El pasado 6 de diciembre se conmemoraron veinte años de la elección de Hugo Chávez como presidente de la República.

No se produjo un simple cambio de gobierno, fue la sustitución de un régimen por otro. Un cambio, a la postre, de corte regresivo.

Veinte años de chavismo se han traducido en el desmontaje de los avances civilizatorios más importantes alcanzados por la sociedad venezolana durante su historia. Avances que fueron logrados con mucho esfuerzo y sacrificio. El retroceso del país ha sido colosal. Hoy, la sociedad venezolana no es ni más libre ni más próspera, tampoco más segura o más justa e incluyente que hace dos décadas. La situación del país y sus habitantes es bastante peor. La diáspora venezolana es la prueba más contundente del daño causado por el chavismo al país.

El segundo gobierno de Rafael Caldera no pudo o no quiso cumplir con las expectativas de cambio demandadas por el país y dejó la mesa servida para la emergencia de nueva alternativa en ese sentido.

No era fatal que Chávez liderara el sentimiento de cambio existente a finales del siglo XX. Es conveniente recordar que para enero de 1998, la candidatura de Chávez tenía una intención de voto de aproximadamente 4% del electorado según la encuestas de la época. Esa candidatura era percibida como testimonial y no competitiva.

Lo que sí asomaba bastante probable era que en los comicios de diciembre se terminaran de consolidar la ruptura del bipartidismo adeco-copeyano y el fin de la hegemonía del puntofijismo; tendencia que irrumpió con fuerza en 1993 con la victoria de Caldera. De hecho, la campaña electoral de 1998 se polarizó entre dos outsiders: Hugo Chávez y Salas Römer.

Transcurrido un tercio del año 98, la candidatura Chávez había logrado convertirse en competitiva; progresivamente fue deviniendo en el depositario principal del mayoritario sentimiento de cambio, de un cambio sustantivo y progresista, deseo compartido por una amplísima franja del cuerpo social. En el transcurso de ese indetenible proceso logró apoderarse del electorado de centroizquierda (ya bastante robusto y huérfano de una fórmula propia), lo cual le permitió despejar las dudas existentes sobre su condición democrática y reforzar su posicionamiento como agente de cambio.

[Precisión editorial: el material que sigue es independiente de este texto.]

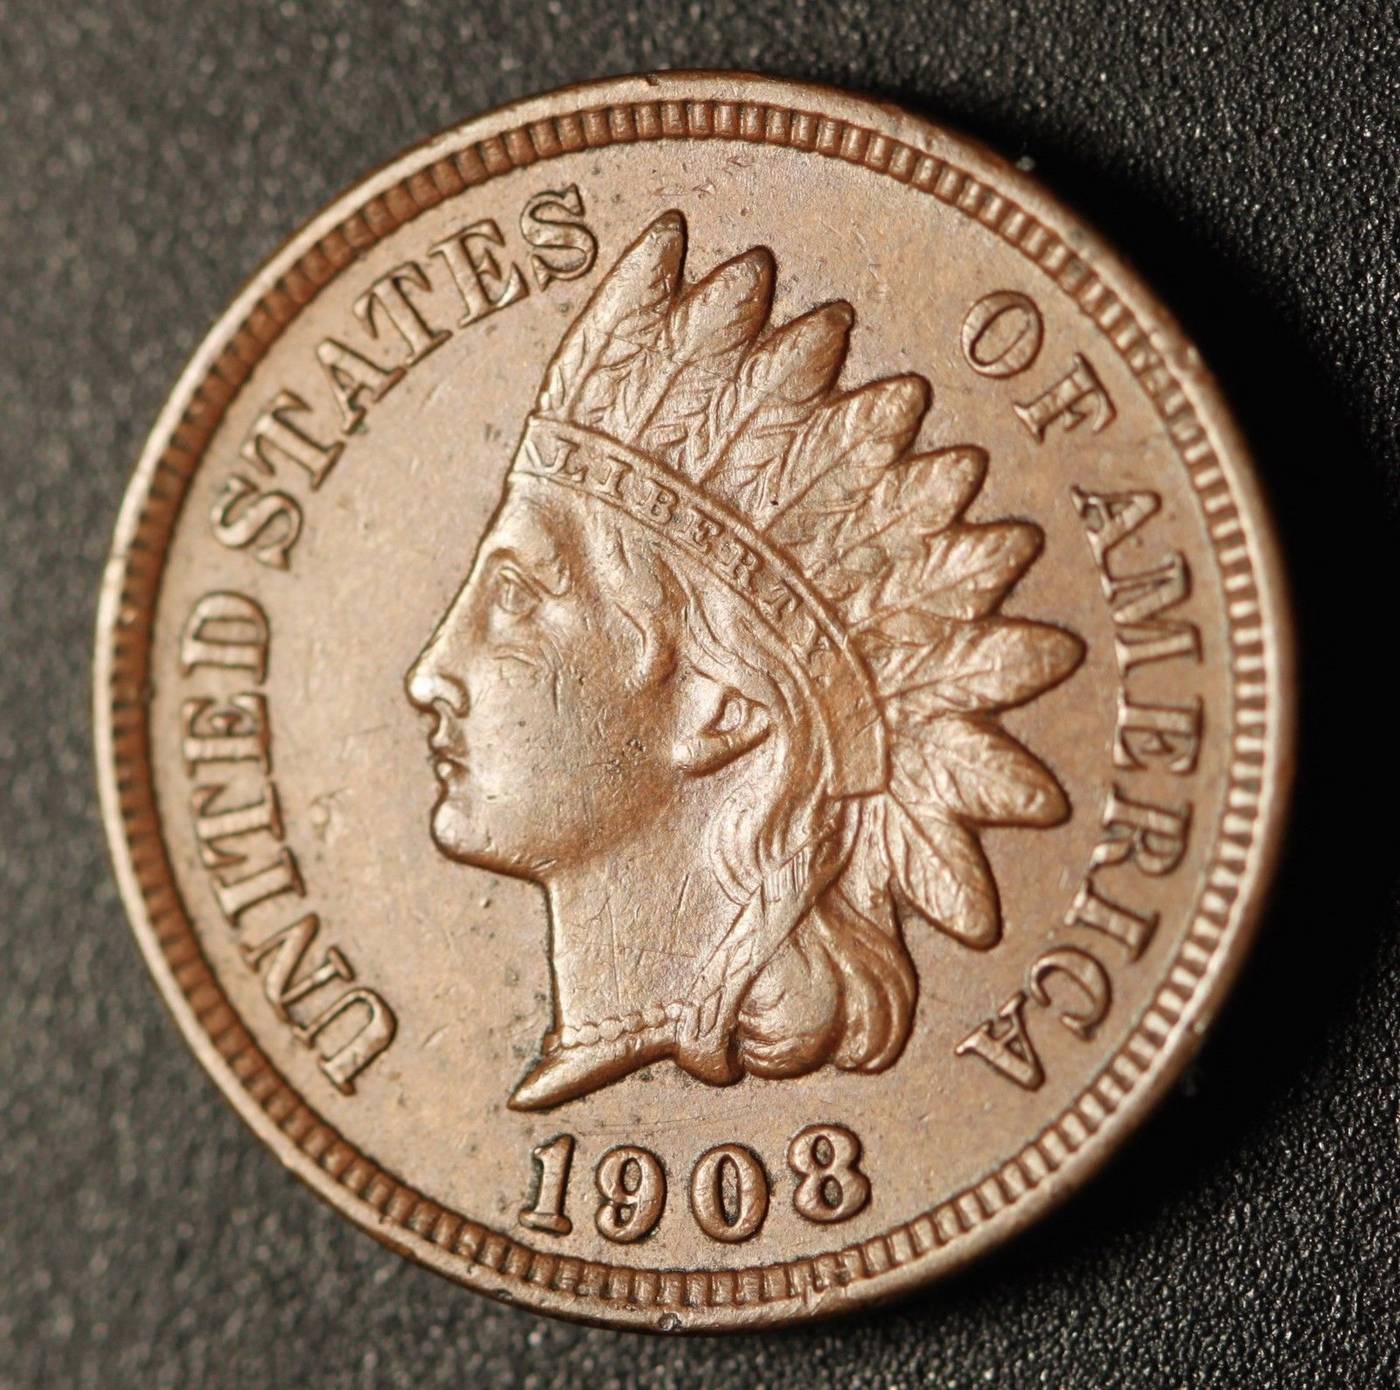 1908 RPD-017 - Indian Head Penny - Photo by Ed Nathanson

Era posible otro liderazgo y otro proyecto de transformación para revitalizar la democracia desde la superación de sus evidentes déficits en el terreno de la representatividad política y las carencias sociales.

Esa labor de convertirse en alternativa de poder correspondía a la centroizquierda representada por La Causa R y el MAS, fuerzas políticas que habían logrado superar su condición de minorías y devenido en relevantes en la política nacional. Ambos partidos poseían experiencia de gobierno tanto a nivel regional y municipal –gobernaciones de estado y alcaldías de primer nivel, Zulia y Caracas por ejemplo–, y reunían en su conjunto cerca de 30% de apoyo nacional.

Lo pertinente, a finales de 1996, era la construcción de una confluencia de ambas fuerzas, o de sectores de las mismas no deslumbrados por Chávez, en una especie de frente amplio que desde la centroizquierda le propusiera al país un proyecto de transformación democrática para ampliar los logros de la democracia (no revertirlos como terminó haciendo el chavismo) y superar los déficits existentes en materia social y política. En definitiva, una agenda reformista de amplio espectro.

Una operación política de tal calibre tenía muchas posibilidades de recoger y representar el enorme y creciente sentimiento de cambio existente en el cuerpo social. Y, por tanto, de ganar las elecciones de 1998 o haber impedido que Chávez lograra su propósito. El requisito indispensable para poder desarrollar todo el potencial de esa fórmula –si se materializaba– era su salida al ruedo durante el año 1997.

Es injustificable que lo planteado no sucediera. La endogamia política, la ausencia de visión estratégica y la falta de vocación de poder son algunas de las razones para que tal escenario no fuese posible.